### [Description of the task]
Every line of the data below is to be given again as it appears, with the images removed.

### [Information shown]
******
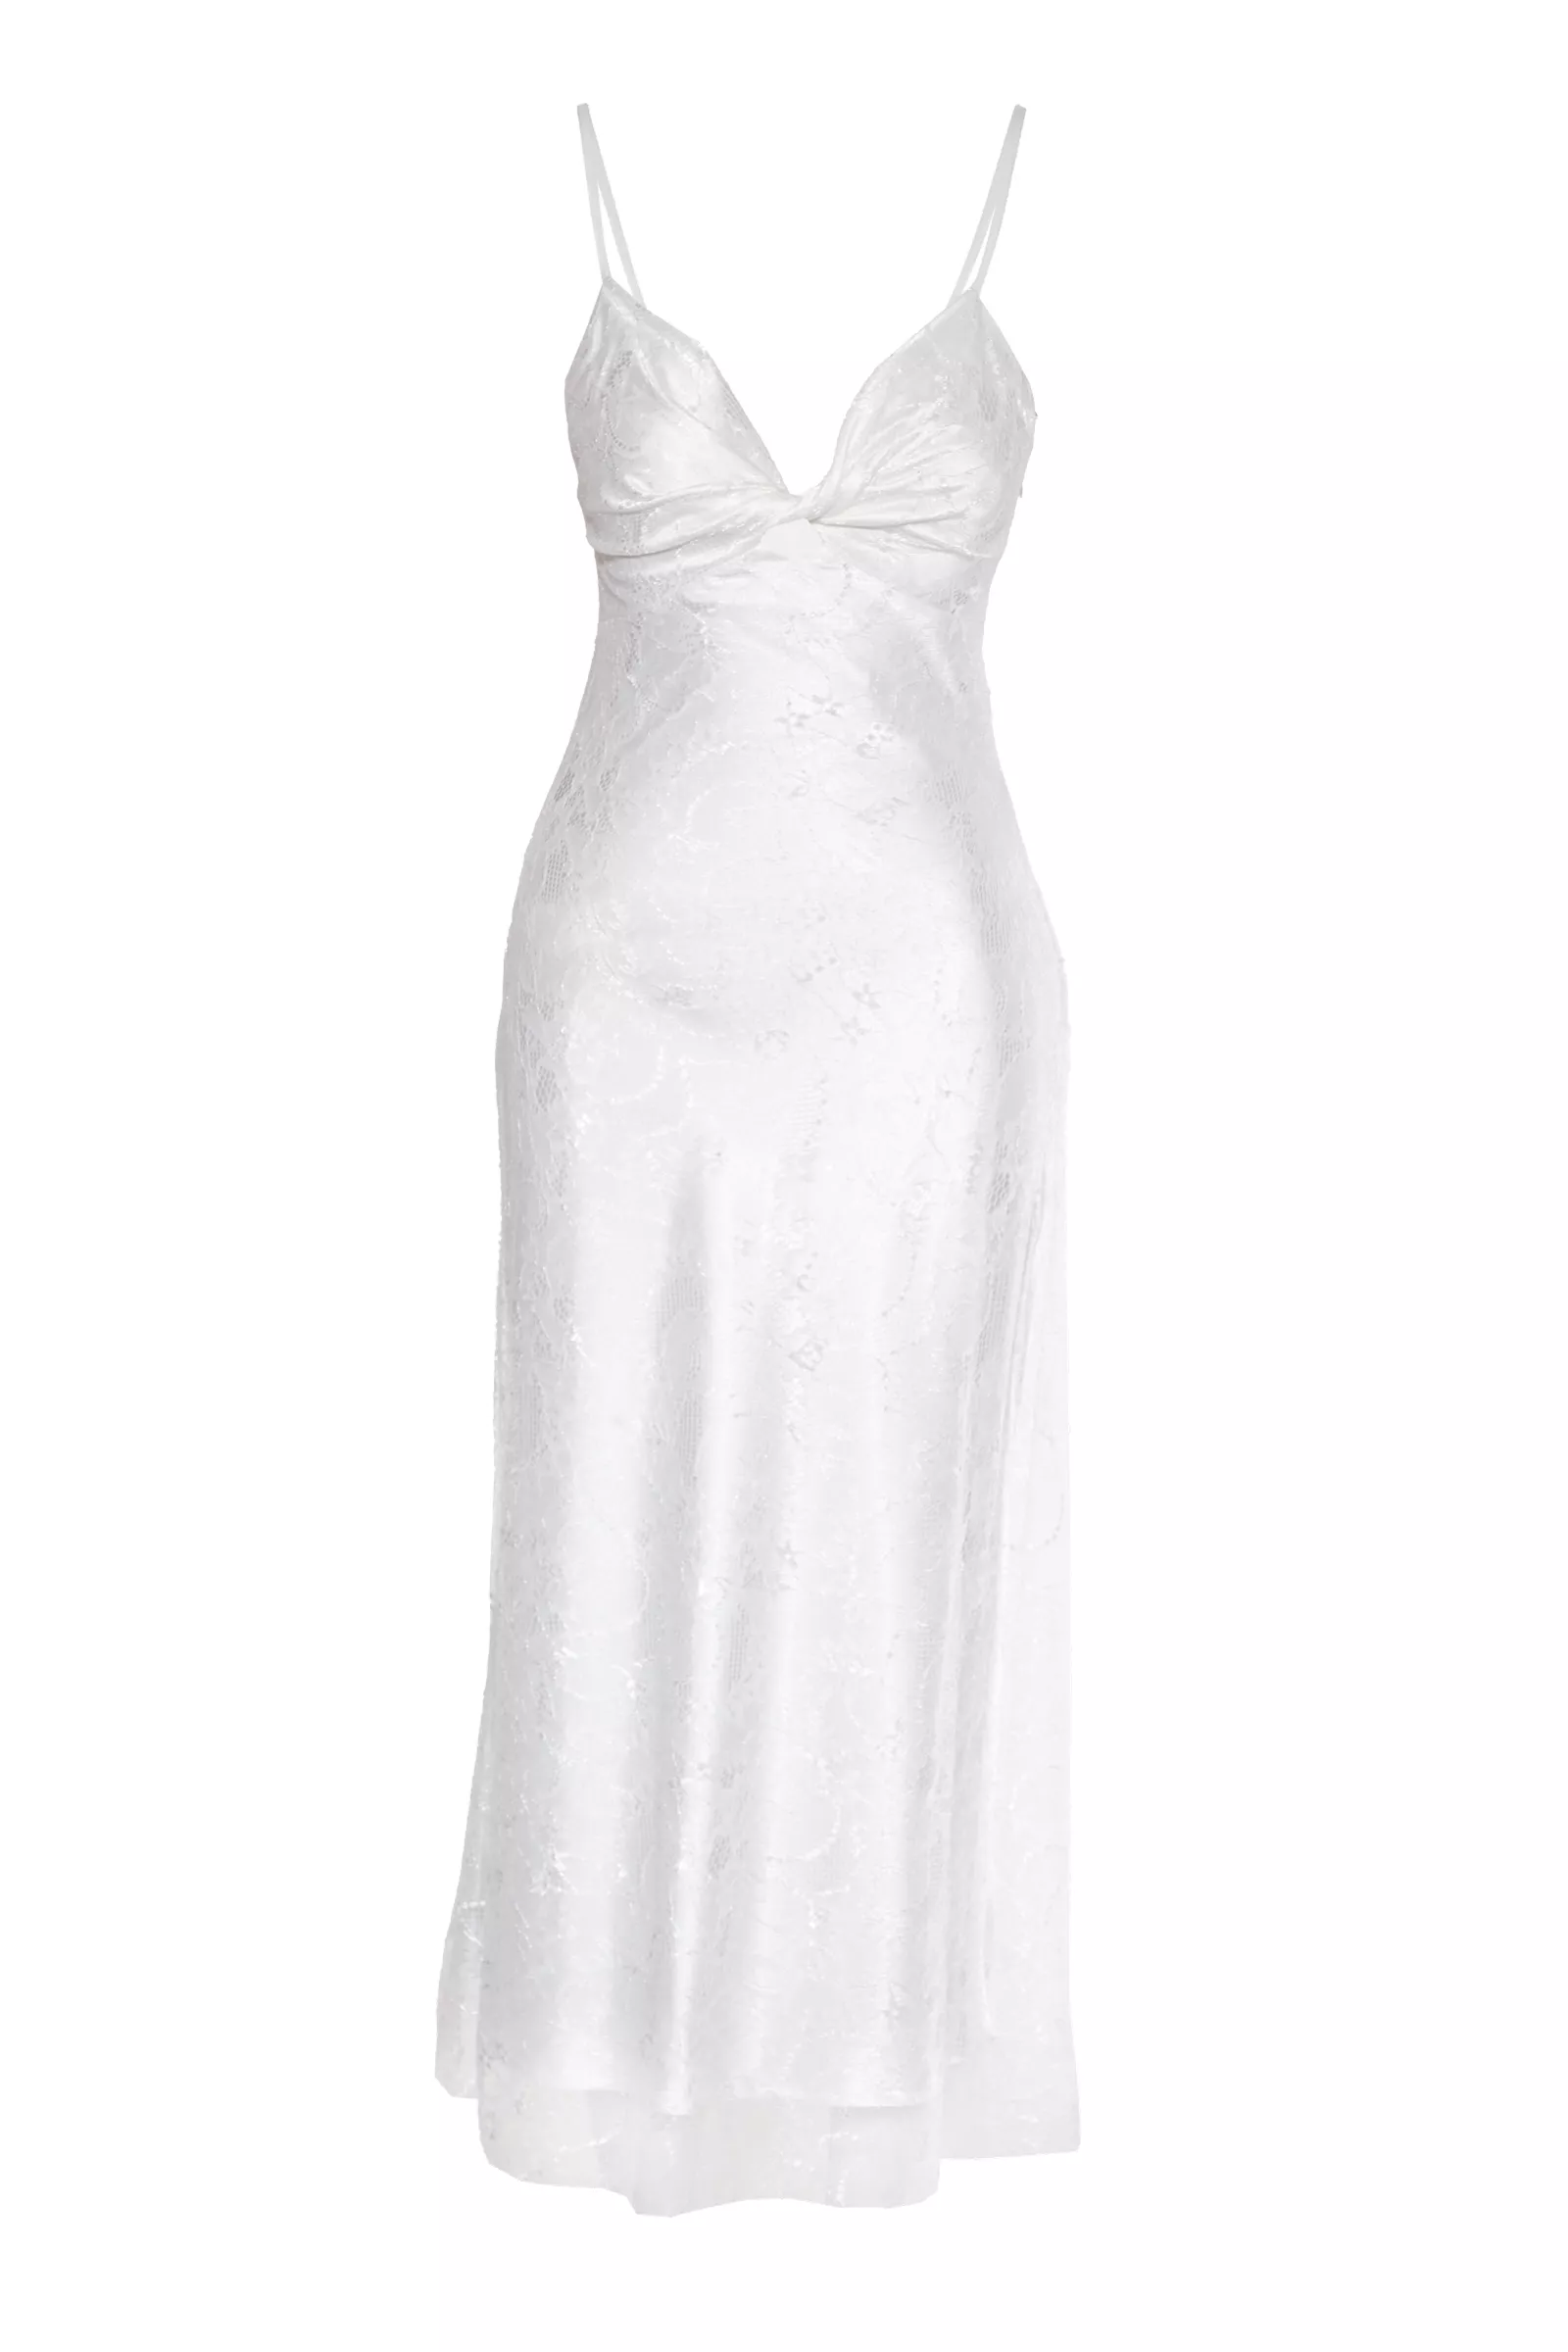 Beyaz dantel kolsuz orta boy elbise
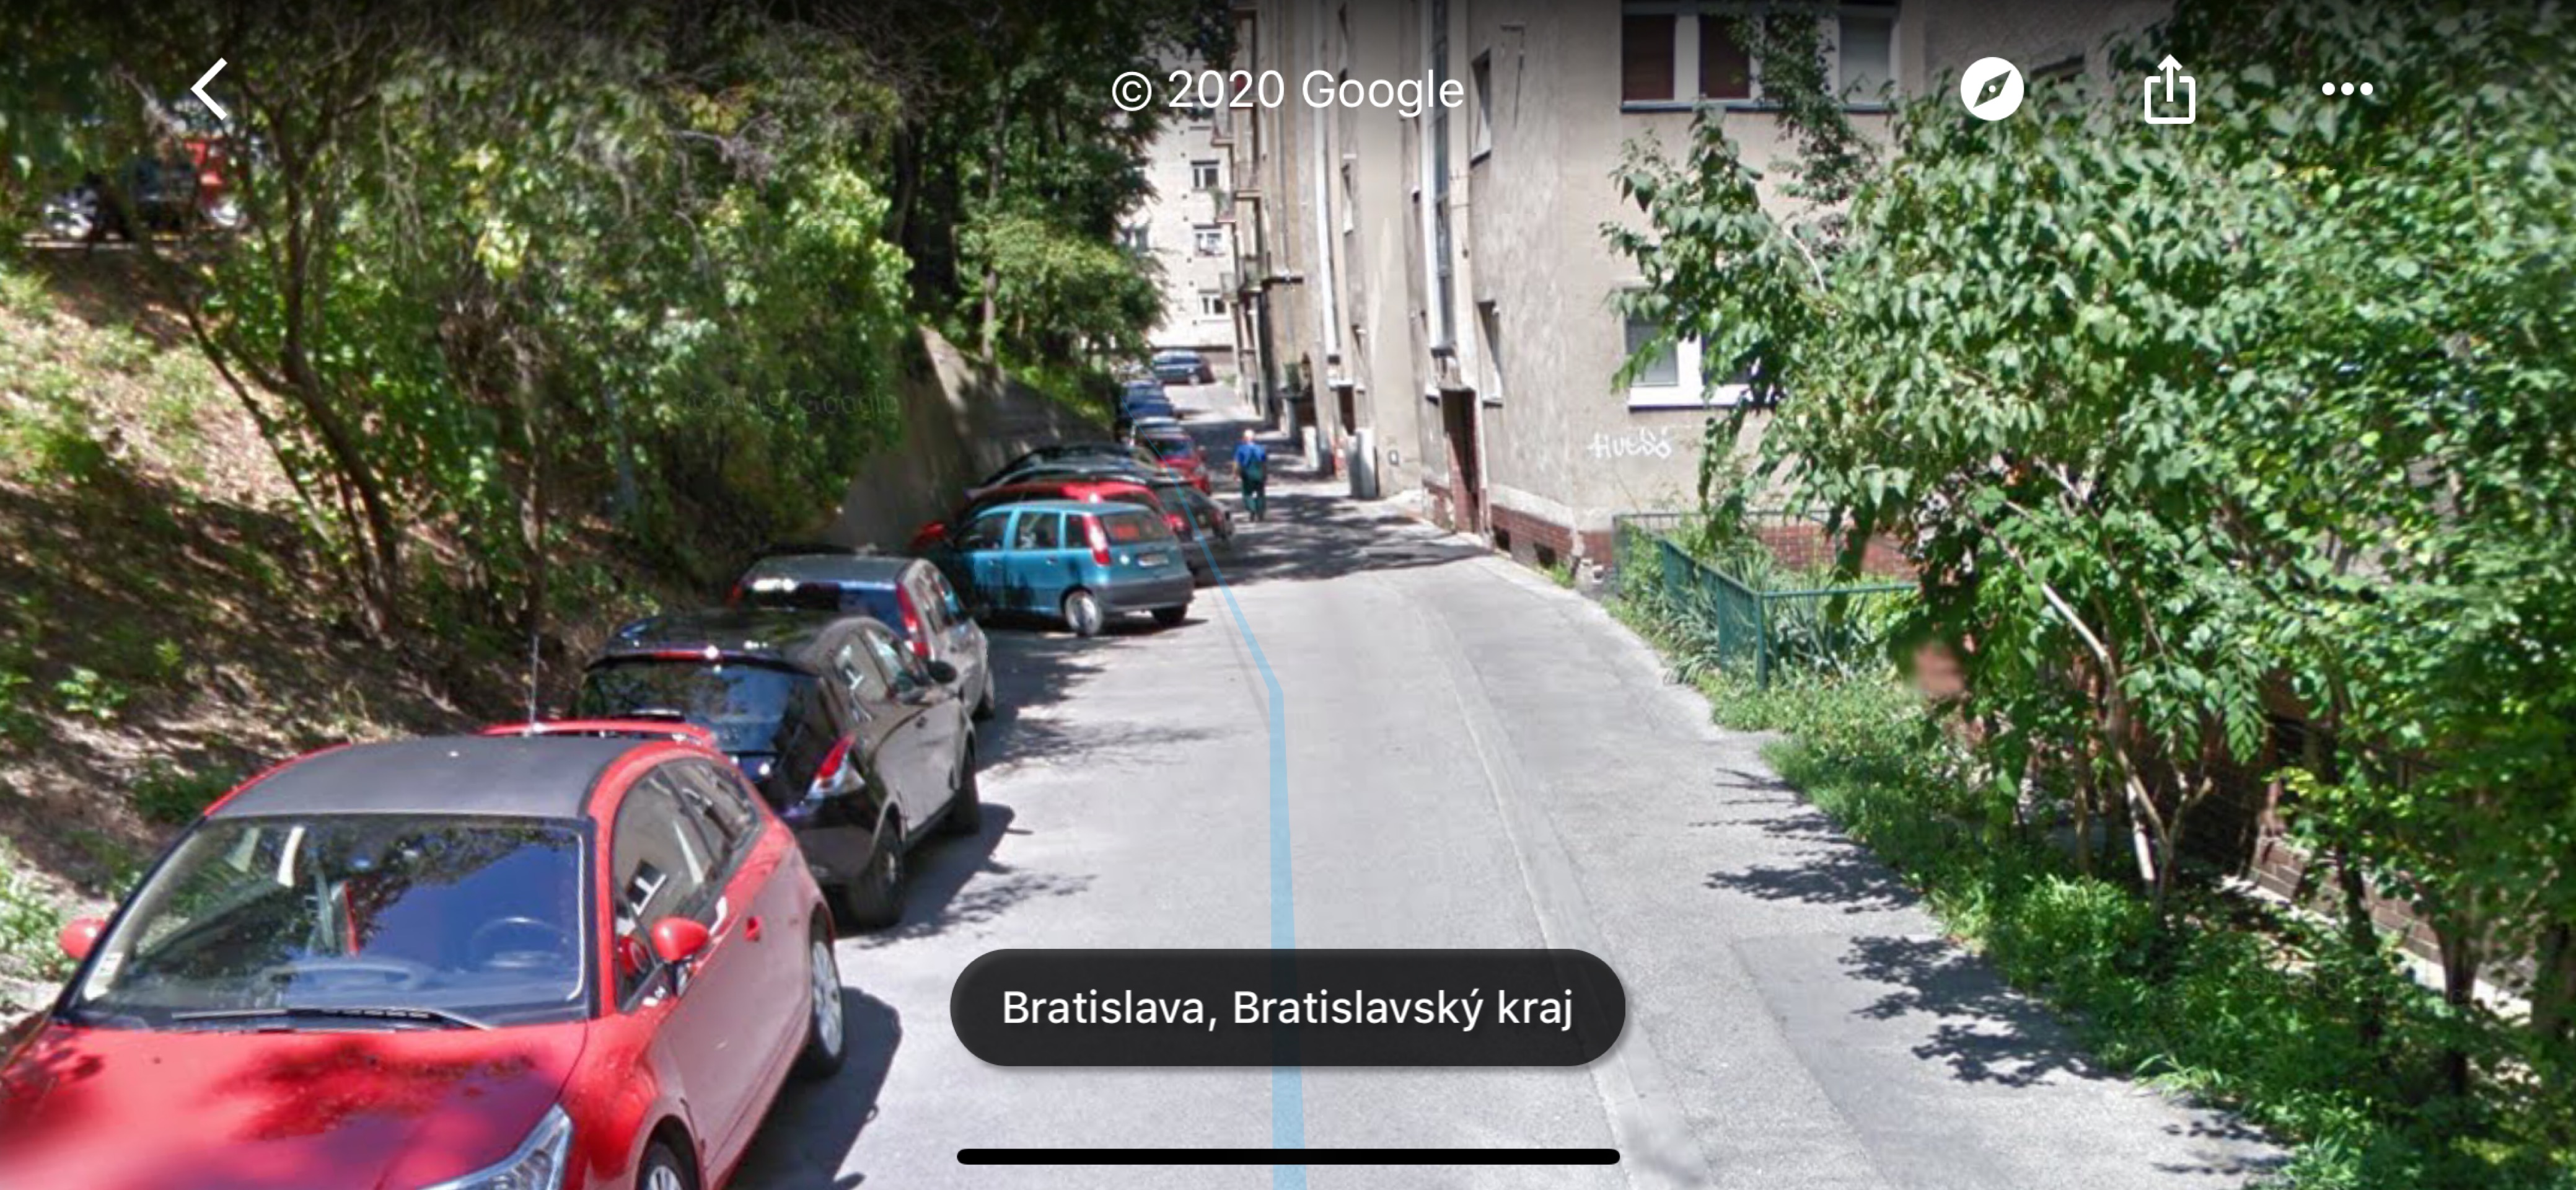 Parkovanie zadarmo v blizkosti Ministerstva zahranicnych veci v centre Bratislavy
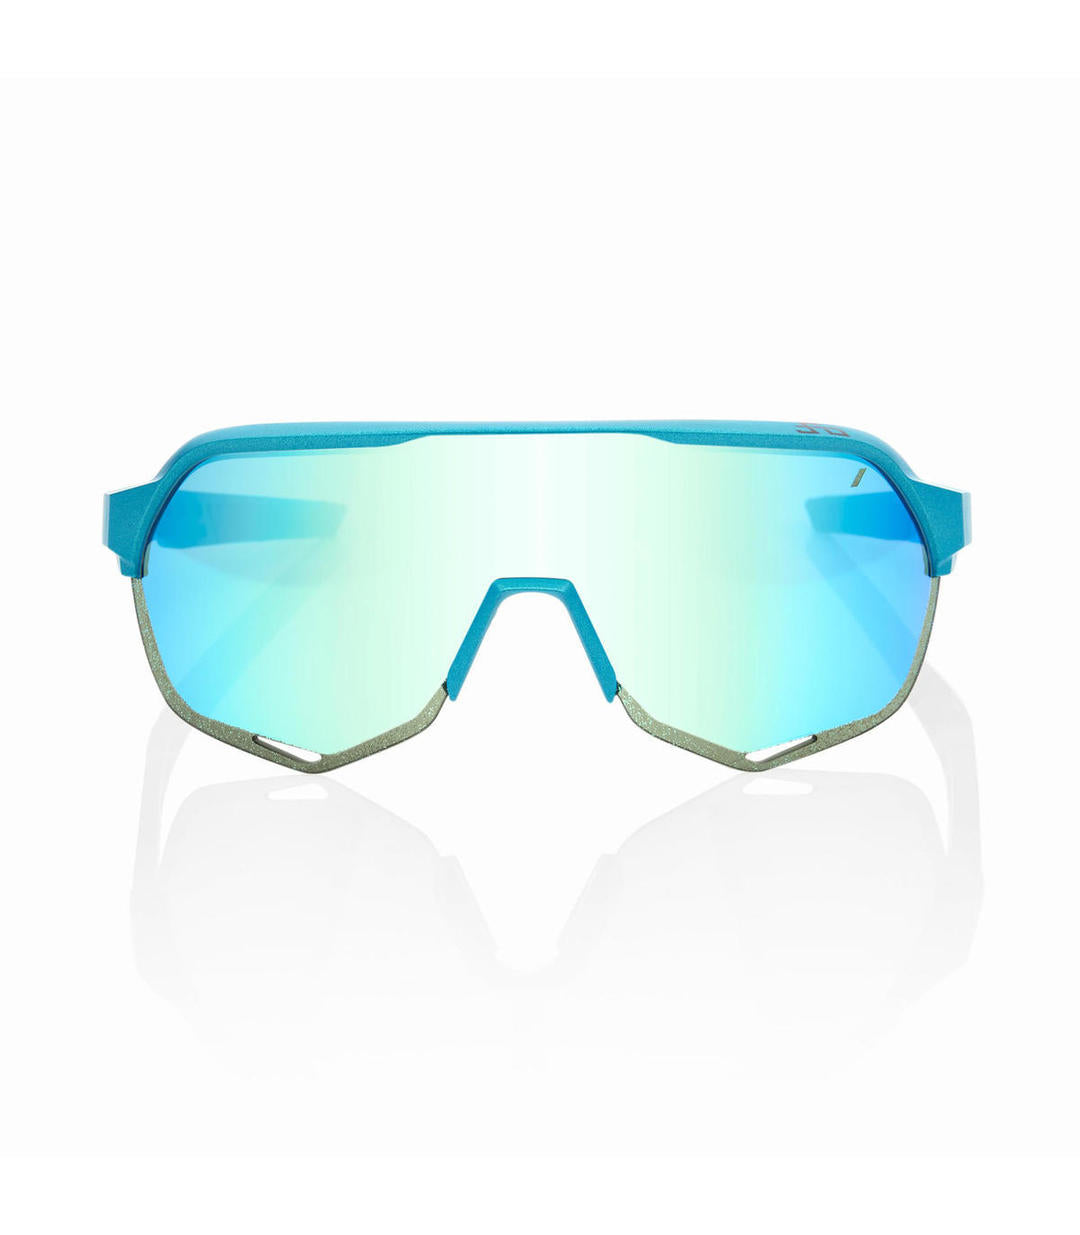 RIDE 100% Gafas de Sol S2 Peter Sagan LE Blue Topaz Multilayer - Azul Topacio
******
### [Exercise result]
 Beyaz dantel kolsuz orta boy elbise
 Parkovanie zadarmo v blizkosti Ministerstva zahranicnych veci v centre Bratislavy
 RIDE 100% Gafas de Sol S2 Peter Sagan LE Blue Topaz Multilayer - Azul Topacio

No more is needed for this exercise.